What Is A Computer Bulletin Board?
Computer bulletin boards are more commonly referred to as a bulletin board system, or "BBS" (for short). A BBS is a computer that uses a special program which allows other computers to call it up by using regular phone lines. A BBS is like a storage facility that permits people to send and receive messages through their computers, as well as send and receive files.
General Uses of BBSes
There are many uses for BBSes. You can use them like a regular (cork) bulletin board. You can use them to post jokes, notices, news flashes, and so on... You can also use them much the same way that you would use a CB. People can hold a "conversation" over the computer by sending messages back and forth just by typing the sentences into the computer, and posting them on a BBS. BBSes can also be used to send and receive private messages. You can use a BBS to gather information about a certain topic, as well as ask other people to help you with something. A lot of people exchange files and programs, and play games with people through the computer. You can also use BBSes to buy and sell things.
The Business Use of BBSes
Many businesses use BBSes to send electronic mail to distributors, and distributing networks. They use them also to talk to business prospects. Businesses use BBSes for a variety of reasons. Auto Repair Shops, Mail-Order Companies, Government Offices, Travel Agencies, Banks, and Sales Organizations are among the different types of businesses that frequently use BBSes to do business.
A Short History Of BBSes
In 1978, Ward Christiansen and Randy Suess wrote the first BBS software program.
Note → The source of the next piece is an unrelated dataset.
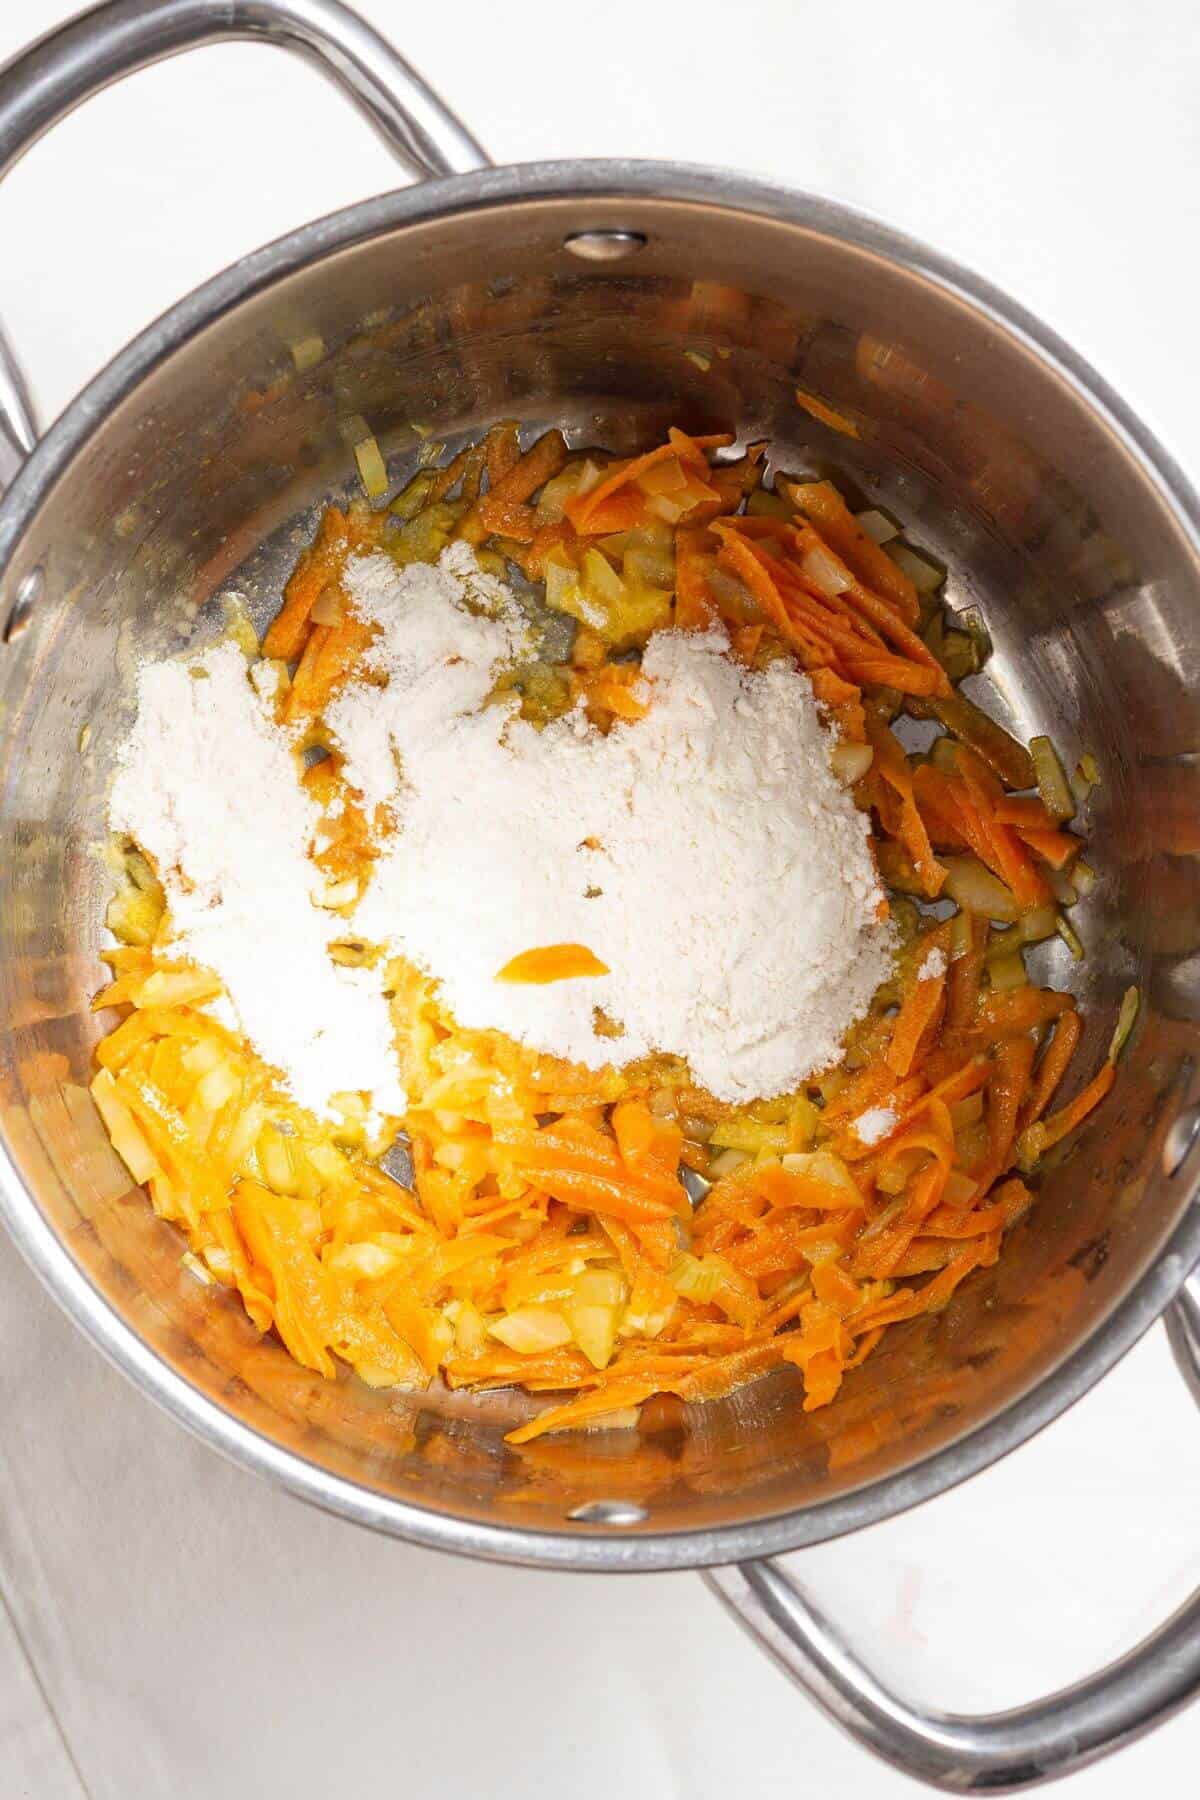 Flour added to vegetables in pot.
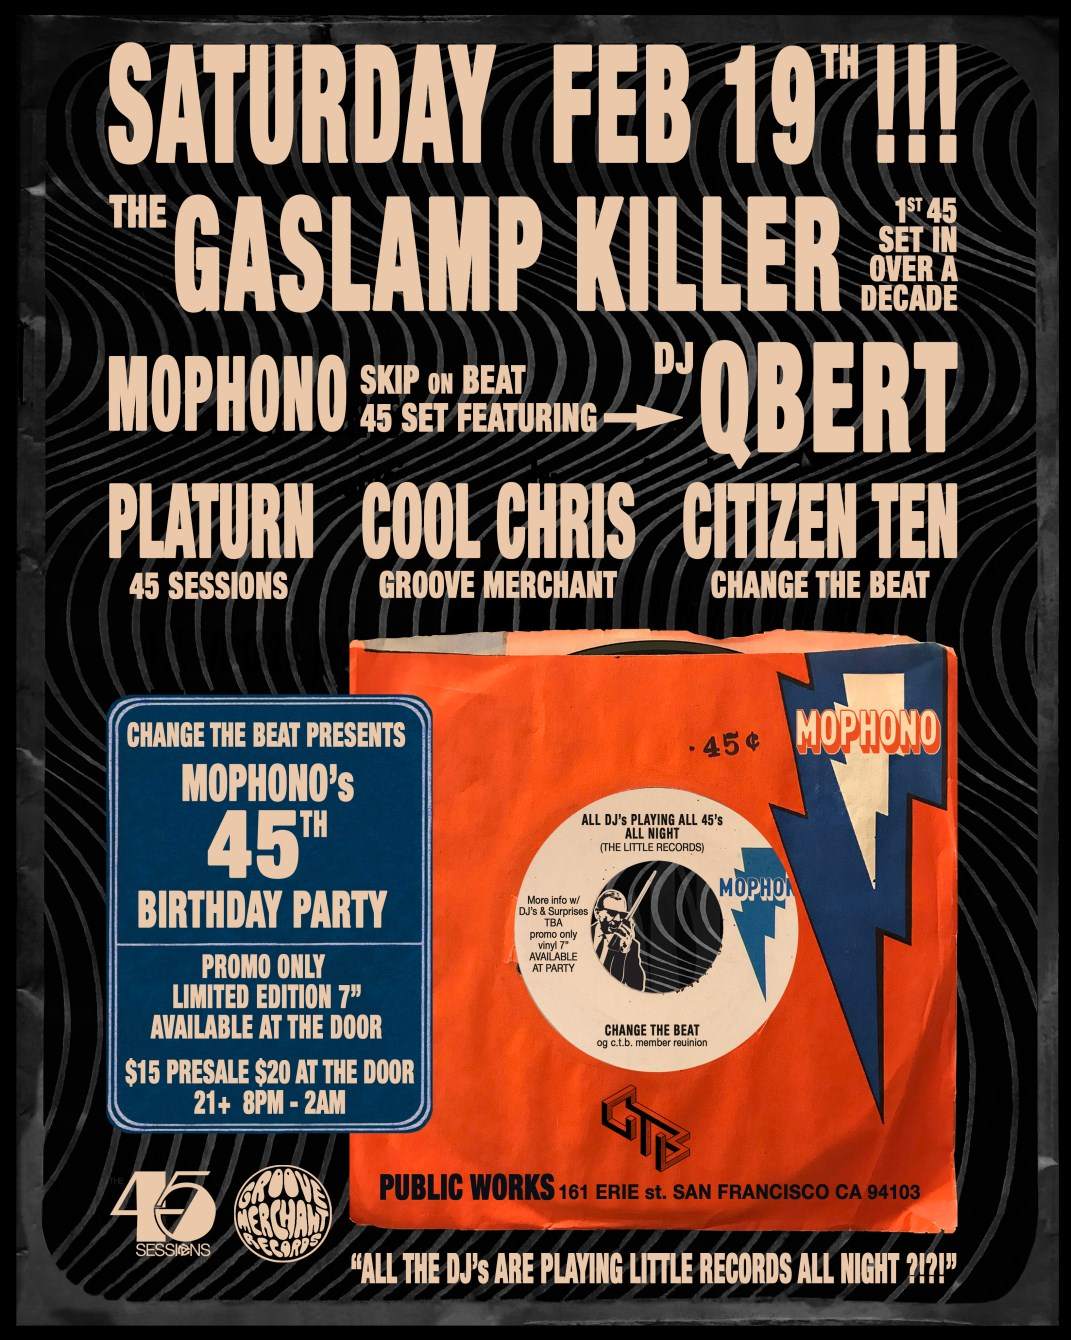 Mophono's 45th Birthday Party with The Gaslamp Killer, DJ Qbert, & More - フライヤー表

They called it CBBS (Computer Bulletin Board System). They designed the BBS to look like a real bulletin board that you would find in a supermarket, a school, or at the office. The idea was for people and businesses to be able to use their computers to exchange information, post messages and contact people over the phone.
Since then, BBSes have become mainstream, numbering close to over 40,000 public and 120,000 private BBSes. There are approximately 12 million BBS users nationwide, and growing daily as modems become standard equipment in every computer sold, growing at a rate of about 10,000 a day. Estimates suggest that by the year 2000 there will be more than 25 million BBS users nationwide. Get ready to give them information.